The Red Rose Girls: An Uncommon Story of Art and Love., Elizabeth Shippen Green , and Violet Oakley
USA Today (Society for the Advancement of Education), May, 2004
"... In order to be viewed as serious professional artists, these women chose to forego the very domestic life they so romantically portrayed. "
TWENTY-THREE YEARS before American women won the right to vote in national elections, illustrators Jessie Willcox Smith (1863-1935), Elizabeth Shippen Green (1871-1954), and Violet Oakley (1874-1961) established a unique communal household based on professional cooperation and personal affection. The three artists met in 1897 when they were all studying with Howard Pyle, the nation's most celebrated illustrator. It was Pyle who noted a similarity in the work of Smith and Oakley and recommended that they collaborate on a professional assignment. To expedite the project, Smith moved into Oakley's studio in downtown Philadelphia. Green soon joined them.
The tale of the Red Rose Girls is set against the backdrop of late-Victorian-era mores and the emerging women's rights movement. The trio were professional artists at a time when it was more common for women to take art classes as a symbol of social accomplishment rather than as a serious endeavor. They studied at the renowned Pennsylvania Academy of Fine Arts and met as students in Pyle's illustration class at the Drexel Institute in Philadelphia.
Pyle provided specialized training in the practical and aesthetic aspects of illustration, encouraging his female students to take their careers seriously. This was unusual for the time, as they were prohibited from studying life drawing in most art schools and typically studied art in segregated classes. Only those who were extremely determined made their way in the male-dominated art world. Illustration, however, was considered an acceptable career for women because the creation of images for children's books and the newly burgeoning field of magazines were deemed an extension of women's "natural" talents for decorating and child rearing.
In 1901, Smith, Green, and Oakley established a home and studio in the picturesque Red Rose Inn on Philadelphia's venerable Main Line. There, they frequently posed for one another, offered sympathetic, constructive criticism, and enjoyed an easy exchange of ideas. Their delightful paintings and drawings celebrated the joys of domestic life in secure and happy images that fed the fantasies and aspirations of middle class society.
"These women were considered the most influential artists of American domestic life at the turn of the 20th century. Celebrated in their day, their poetic, idealized images still prevail as archetypes of motherhood and childhood a century later," says Laurie Norton Moffatt, director of the Norman Rockwell Museum.
Faced with the daunting prospect of managing their new property, however, they enlisted the help of their friend Henrietta Cozens, who had no artistic ambition but was eager to shoulder the domestic responsibilities. Nevertheless, the financial obligations of maintaining the household were considerable and necessitated a binding commitment. So the four women made a heartfelt promise to stay together forever. They adopted a common surname, christening themselves the Cogs family--C for Cozens, O for Oakley, G for Green, and S for Smith. Pyle called them the Red Rose Girls.

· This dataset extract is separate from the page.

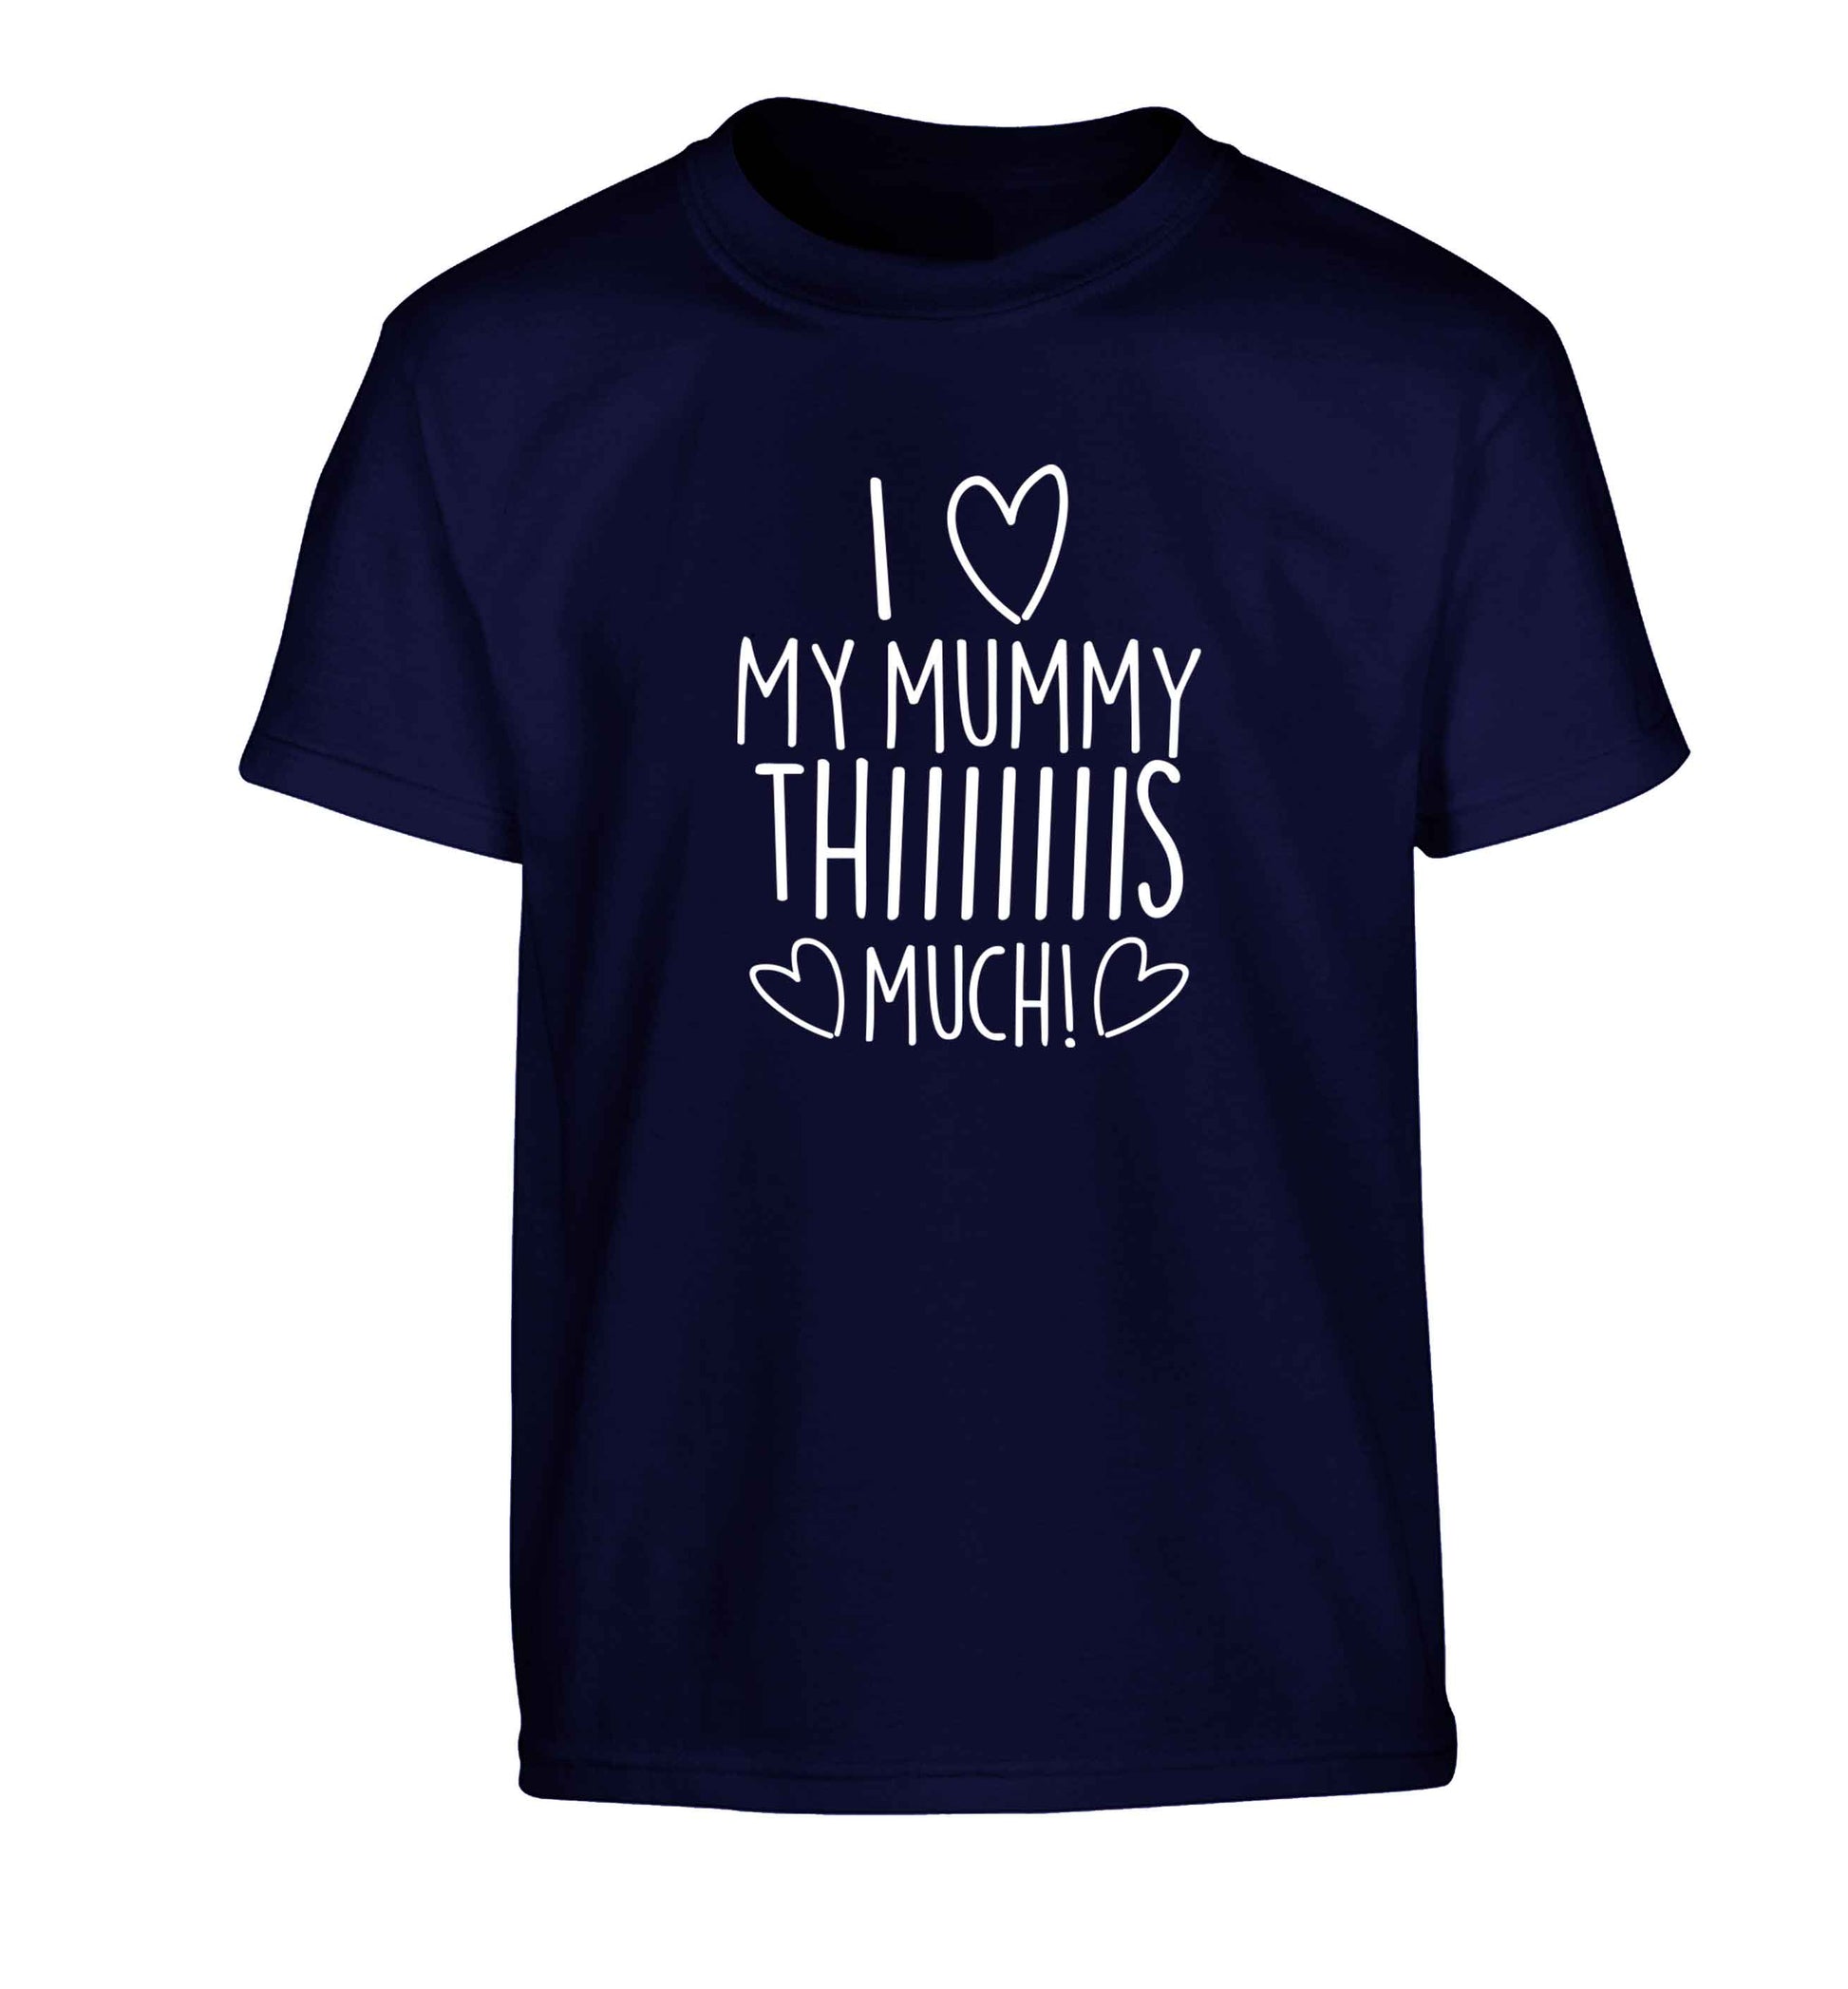 I love my mummy thiiiiis much! Children's navy Tshirt 12-13 Years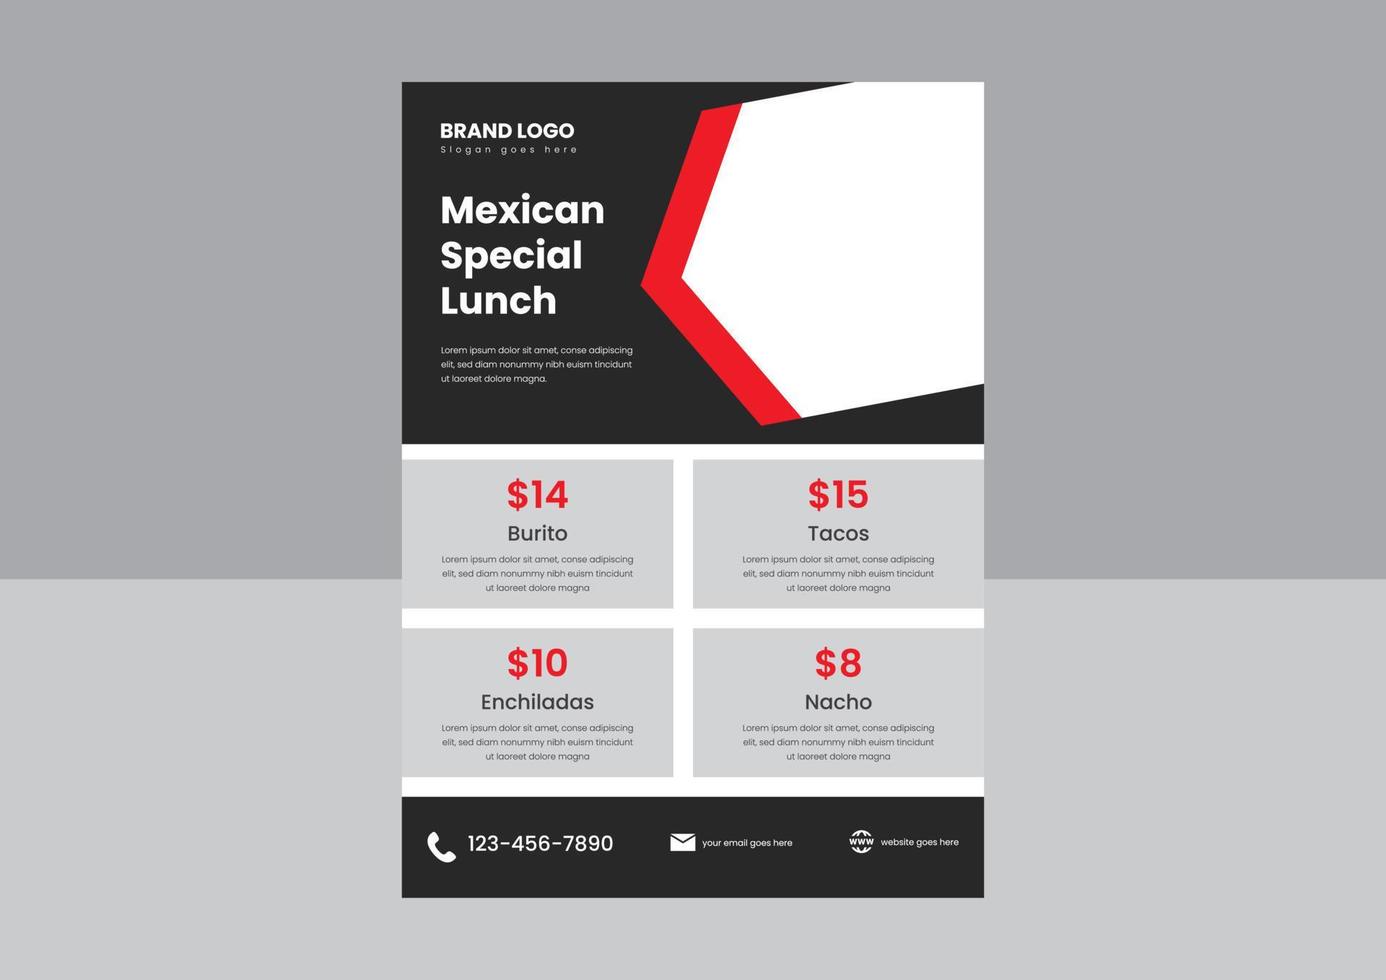 conception d'affiche de flyer de menu de restaurant mexicain. modèle de conception de flyer de restaurant mexicain de nourriture spéciale tacos vecteur

Ironically, in order to be viewed as serious professional artists, these women chose to forego the very domestic life they so romantically portrayed. Committed to remaining single and childless, they made a home together and relied on the support and domestic work of Cozens to sustain their prolific careers. Exhibition curator Alice Carter notes, "In her 1929 essay, 'A Room of One's Own,' Virginia Woolf discussed why women authors failed to excel and devised a formula to rectify the situation. Women could achieve eminence, she contended, if given equal educational opportunity, financial independence, and privacy. Had ... Woolf known about these three intrepid American illustrators, she might have revised her specifications to include the opportunity to collaborate."
Their unconventional alliance enabled Smith, Green, and Oakley to establish national reputations as artists, while maintaining both the punishing work schedule necessary in a competitive field and the genteel lifestyle that was the hallmark of a successful woman in the early 20th century.
Smith and Green were among the most renowned illustrators of their time, creating unforgettable imagery for children's books and the period's trend-setting periodicals, including Scribner's, Collier's, and Harper's Monthly Magazine. Smith, who was famous for her heartfelt depictions of mothers and children, executed nearly 200 covers for Good Housekeeping, and her exquisite representations of children in Charles Kingsley's Water Babies and Robert Louis Stevenson's A Child's Garden of Verses continue to be well known. Oakley was a painter, muralist, and stained glass artist of national reputation. She was awarded the gold Medal of Honor by the Pennsylvania Academy in 1905 and was among the first American women to be granted important public commissions, including a series of heroic murals for the Pennsylvania State Capitol.